Based on our results (see Additional file 1 Tables S7-S10), we see that indeed the Spearman correlation is unaffected while the Pearson correlation is markedly reduced in the number of predicted targets (in some cases not having any predicted targets). These results clearly demonstrate the differences in the correlation methods and their behavior fits well with the previously described assumptions made in the correlation methods.
The superior performance of the Spearman correlation method over Pearson correlation above is consistent with previous evaluations of these methods [35, 36]. Rank correlations are not easily influenced by skewness or the high levels of variability that is often observed in Affymetrix microarray data of the type that was used in this study. In contrast, the Pearson correlation method is very sensitive to noise in the data due to extreme values, improper normalization and skewness.
In this study, we have used several correlation methods (Pearson and Spearman correlation), as well as CRE detection methods (≥1 CRE and CRE Over-representation), in order to predict targets of regulated genes in wild-type that may be confirmed to be targets as genes that are misregulated using microarray data from a TF mutant/transgenic. The purpose of using and combining these methods was to attempt to make predictions for associations between candidate TFs and their targets using microarray expression data and sequence data. While similar approaches have been used before in several studies [13, 14], to date correlation and CRE detection methods have not been compared previously to determine which is the most effective (alone or in combination) in a practical application on microarray data from datasets of wild-type and TF mutants for Arabidopsis genomic data. Further, no current tool allows for the flexibility of using ones own microarray data, as well as several different CRE and correlation based methods (as well as the overlap for predicted targets), in order to make predictions of putative TF →target relationships. In order to make this assessment, we used several datasets, taken from the literature for canonical examples of microarray expression datasets involving TFs regulated by several different types of external stimuli (e.g. light, pathogen infection, hormone response and abiotic stress response) that represent several TF families, including two plant-specific TF families.

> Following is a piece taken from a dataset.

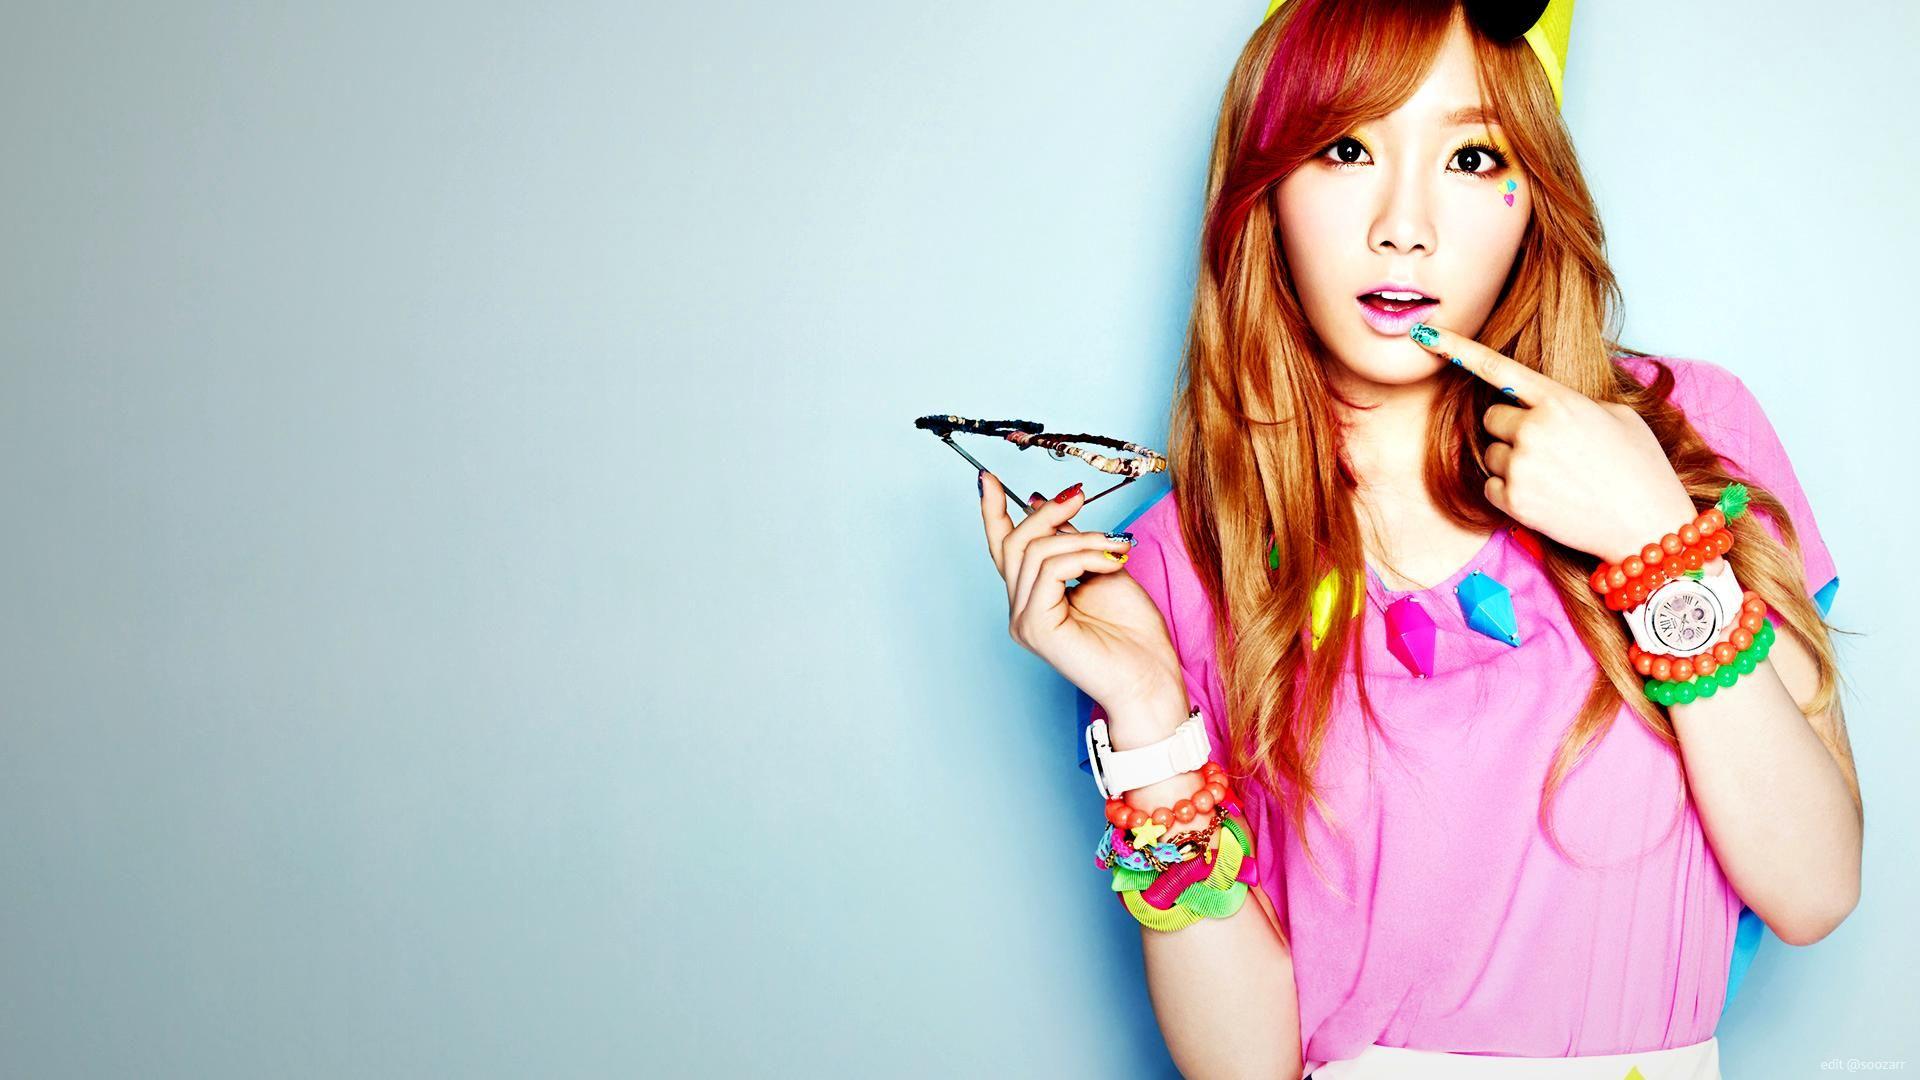 SNSD 2013 Girls Generation HD Wallpaper SNSD 2013 Girls Generation ...

The mutagenesis of these TFs within these microarray studies then allowed us to evaluate how well our prediction methods captured genes that would be affected by candidate TFs on a transcriptome level.
We assessed the performance of various methods of predicting TF targets over datasets by computing several statistical measures: specificity, sensitivity, PPV, NPV and F measure (Figures 2 & 4). We feel that the results of this assessment provides a useful resource for researchers performing genomic research using microarray datasets who wish to elucidate transcriptional regulatory mechanisms controlled by transcription factors of interest. And while we have applied this approach specifically to Arabidopsis, these tools are applicable to genomic data from any species.
Analysis of Correlation Methods for TF Target Predictions Yields Two Approaches for Determining Target Genes of Interest
We found that for regulated gene lists (e.g. genes significantly regulated in response to a specific treatment), we have shown that the Spearman correlation method gave the most balanced predictions for TF targets (based on the F measure) (Figure 2). By contrast, we found that the Pearson correlation method provided greater specificity than the Spearman correlation in all of the datasets analyzed (Figure 2). This result provides two perspectives as to the most effective way to capture genes of interest, given an experimental design. While some investigators' experiments are focused on capturing a large number of genes, others are interested in capturing specific groups of genes that may belong to a functional group or pathway of interest or may be unique in simply sharing a pattern of regulation. Thus, the Pearson correlation is better suited to smaller lists of genes for empirical validation (by Quantitative PCR, for example), while Spearman correlation is better suited to large scale analysis covering many genes. These two correlation methods therefore provide an effective means for generating hypothesis for various experimental designs.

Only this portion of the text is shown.